--- Data extract ---

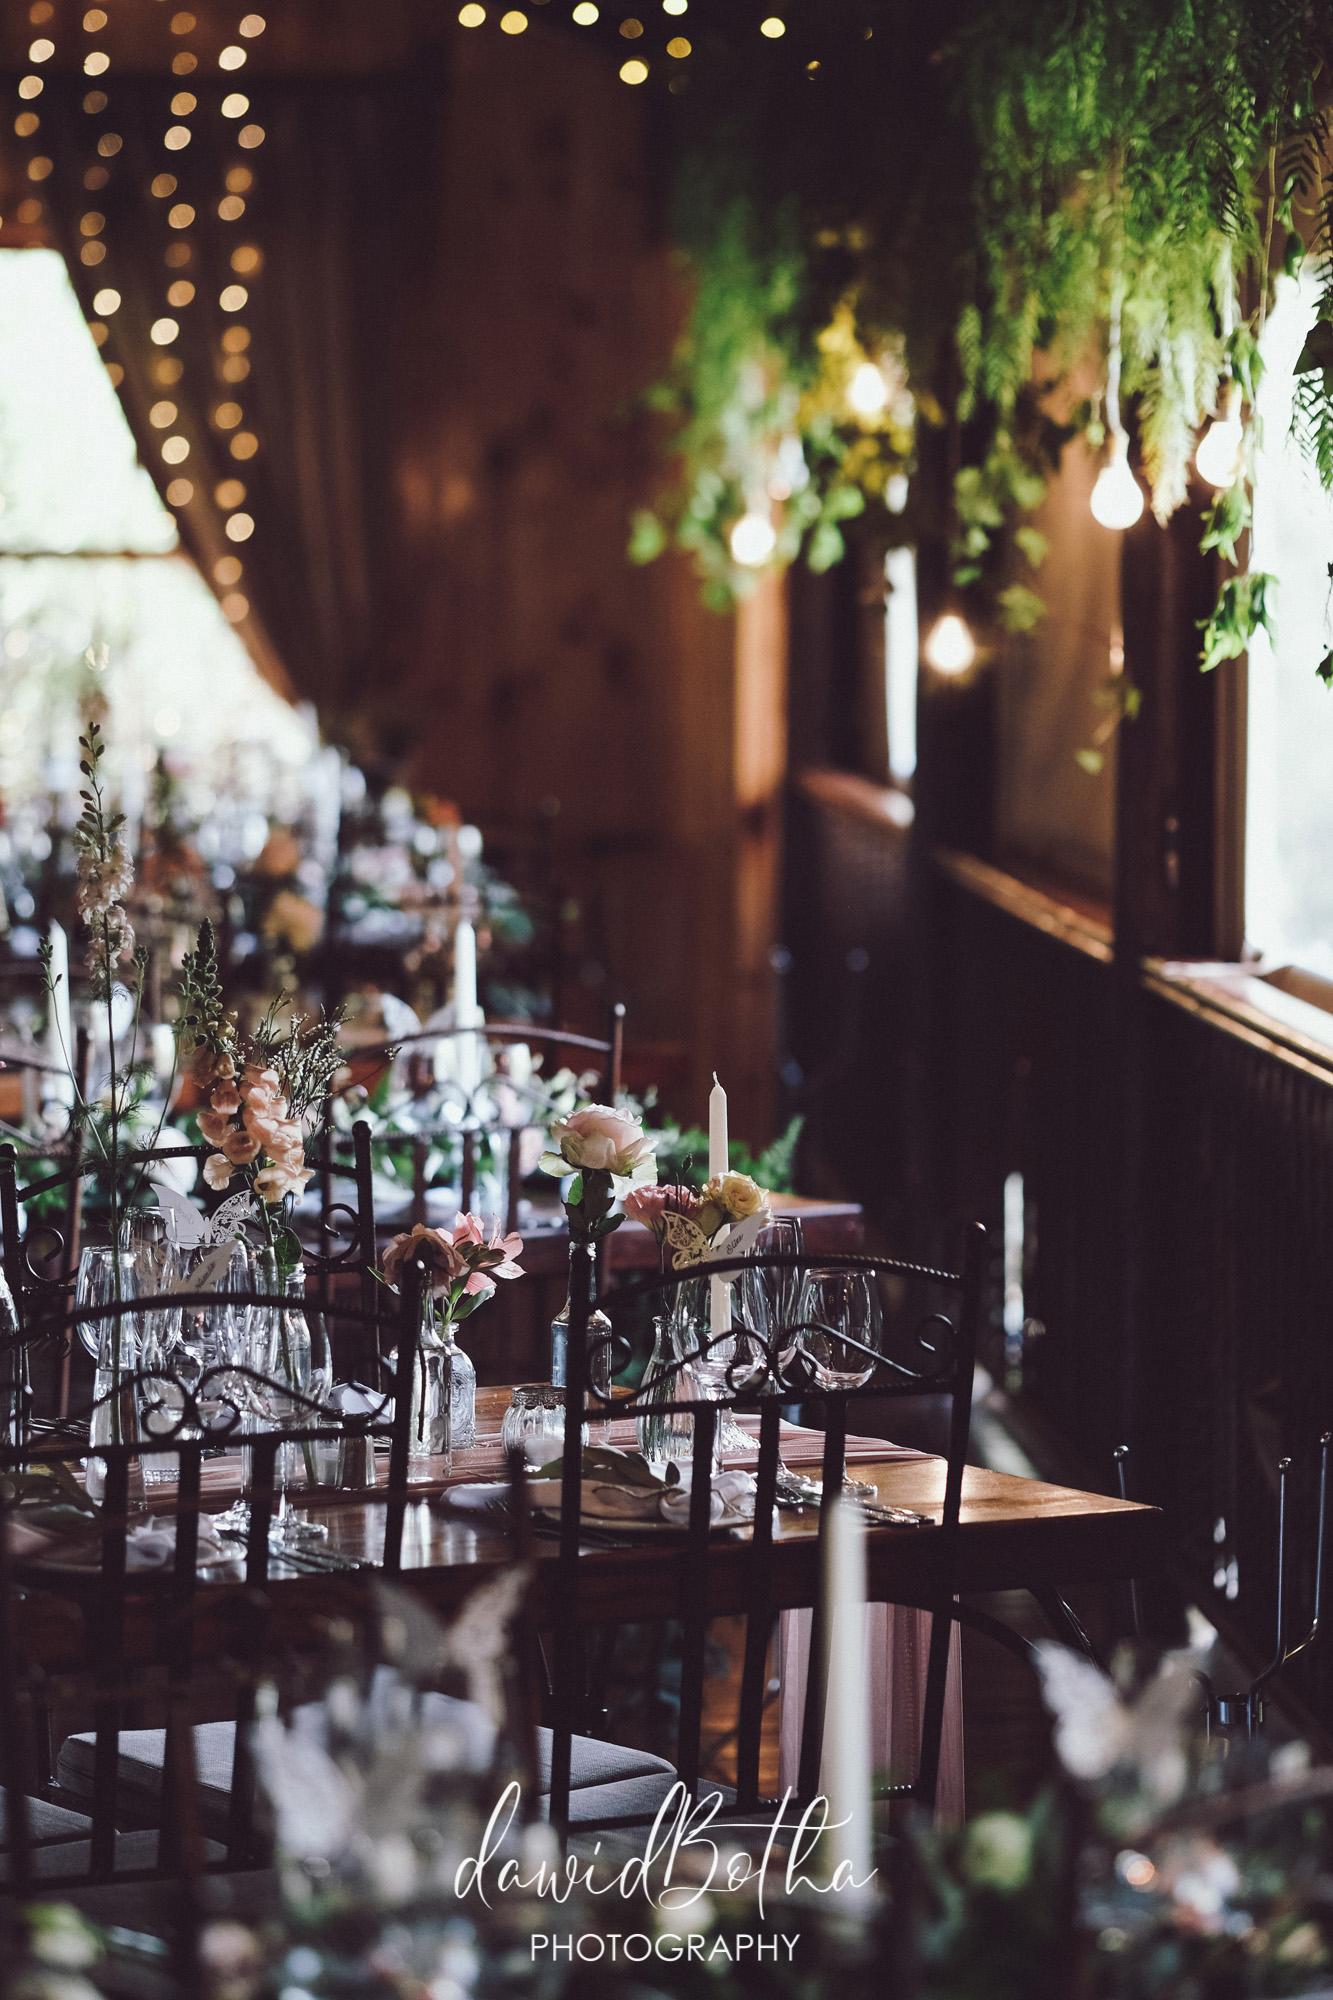 Wedding Decor-20.jpg
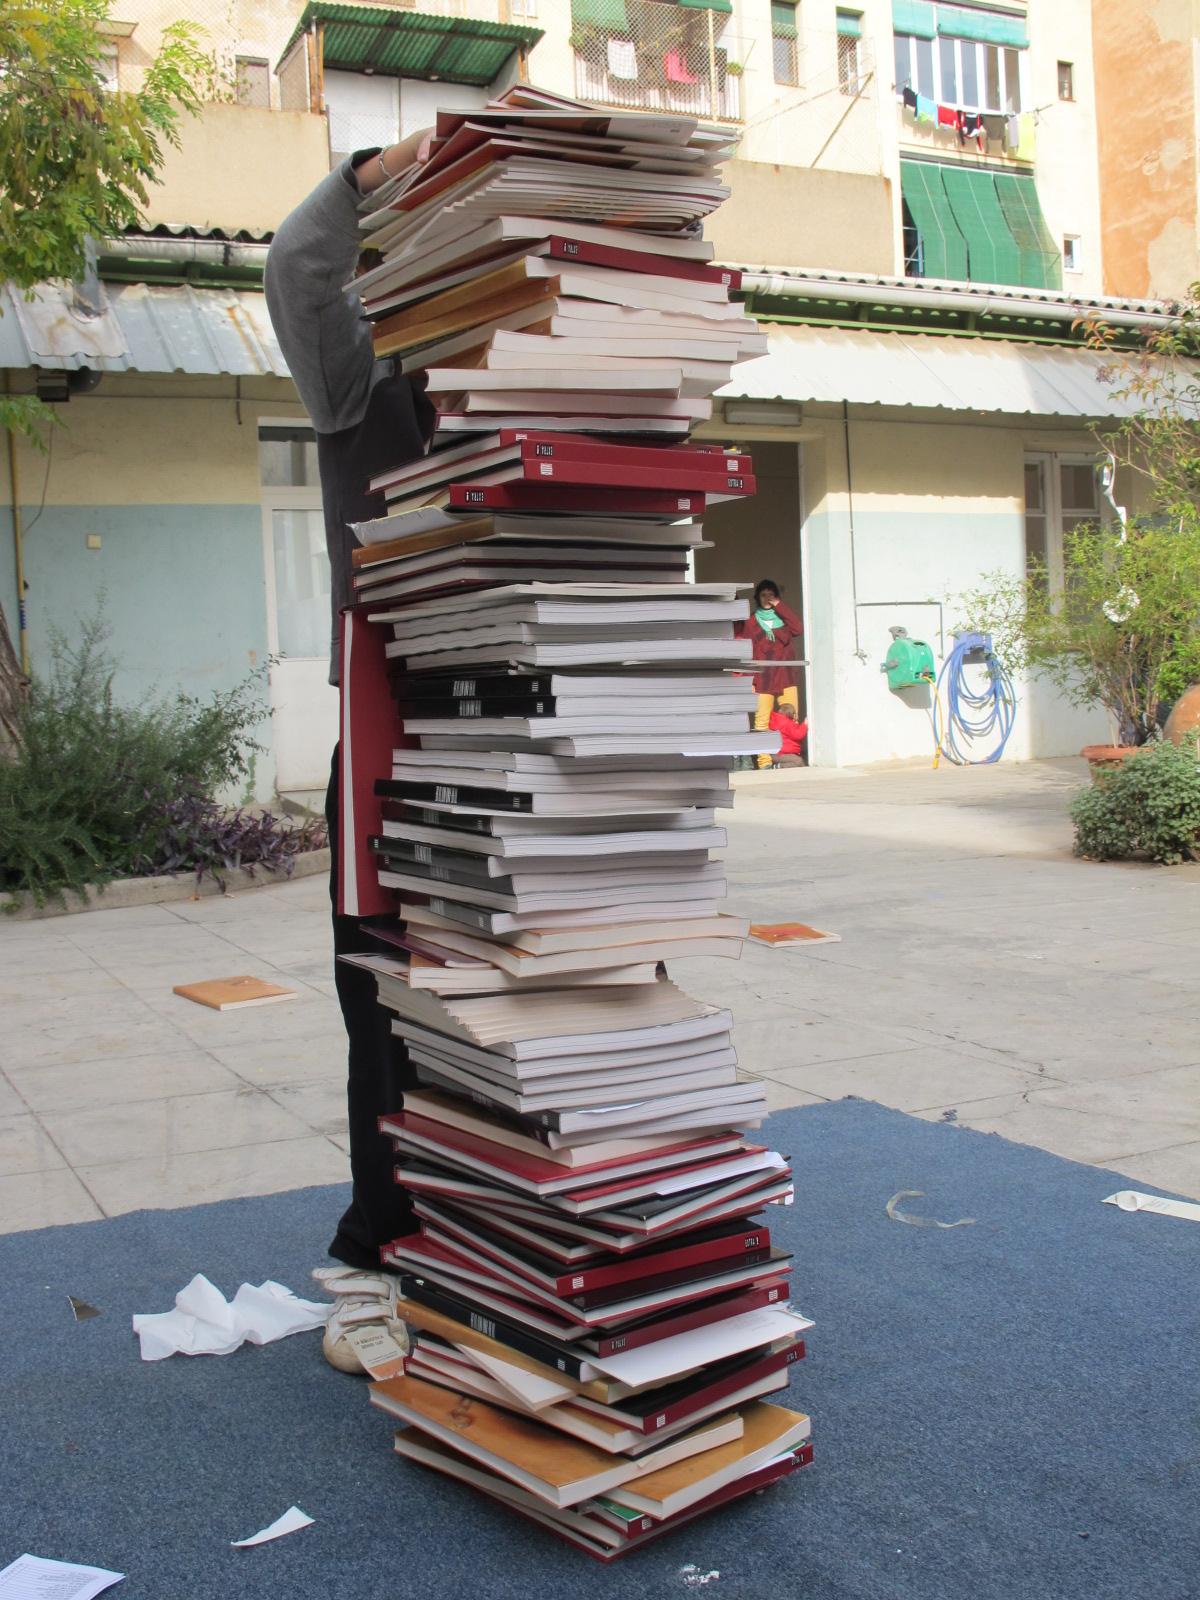 Un caramull de llibres tan alt com jo
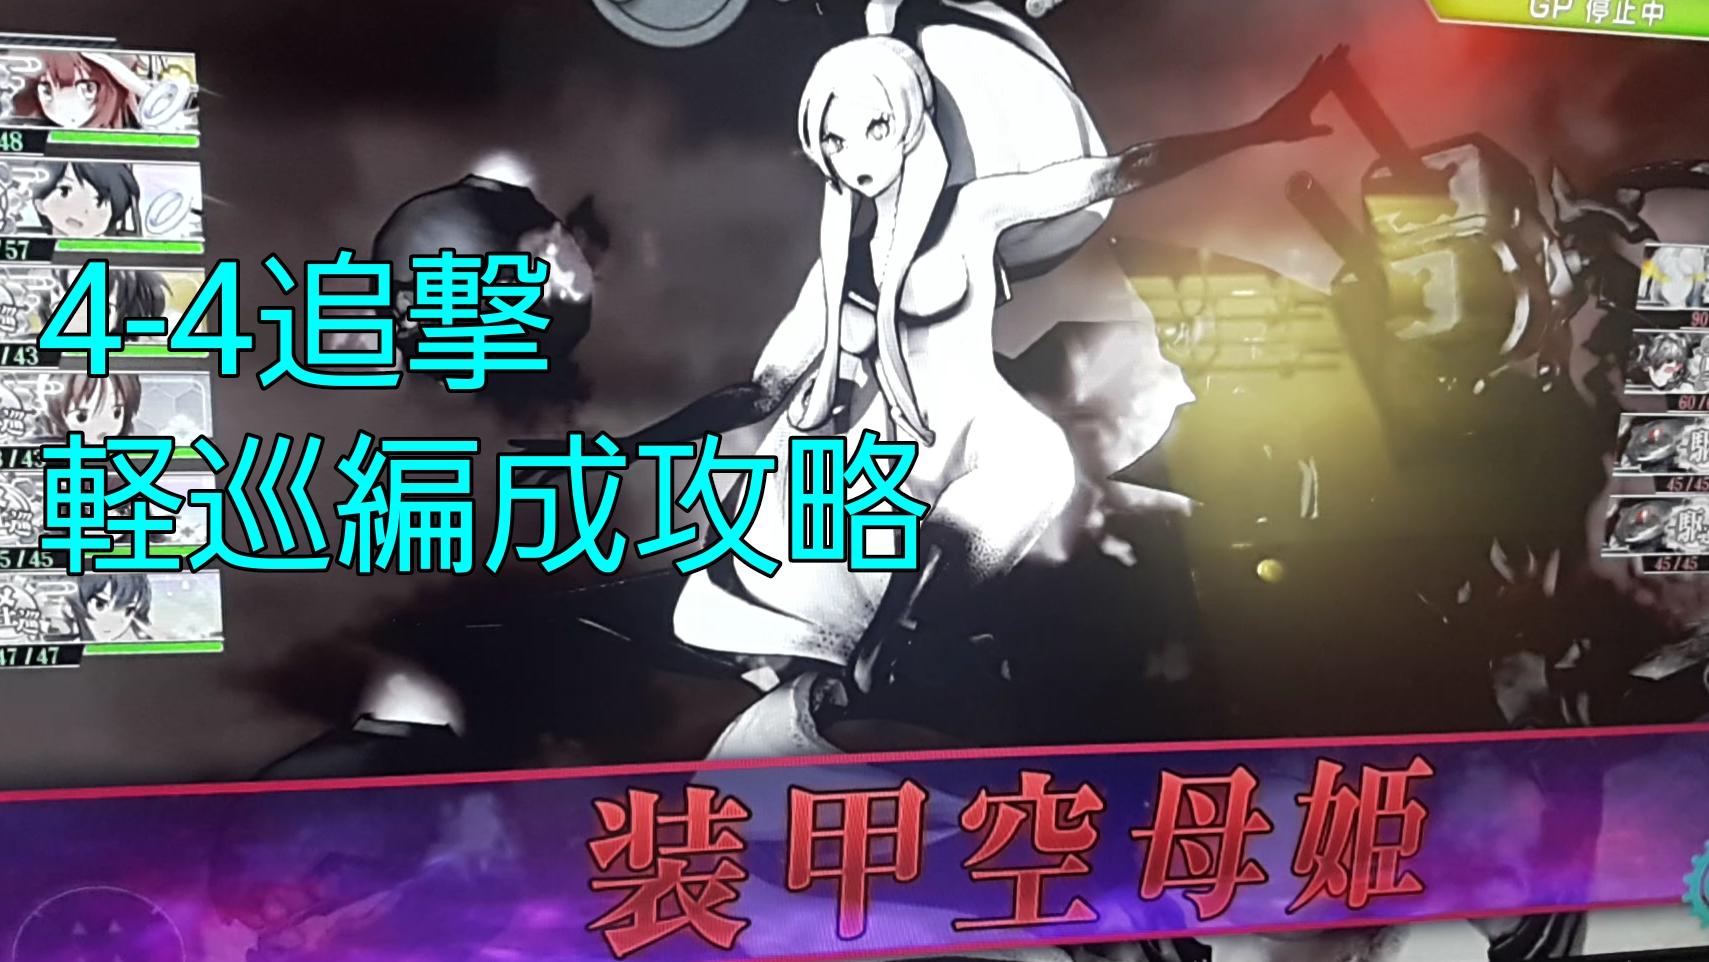 【AC】カスガダマ沖海戦(4-4追撃) 軽巡5航巡1 プレイ動画

---

### Exercise directions
From the material above, reproduce everything verbatim except the pictures.

### Your response
 Wedding Decor-20.jpg
 Un caramull de llibres tan alt com jo
 【AC】カスガダマ沖海戦(4-4追撃) 軽巡5航巡1 プレイ動画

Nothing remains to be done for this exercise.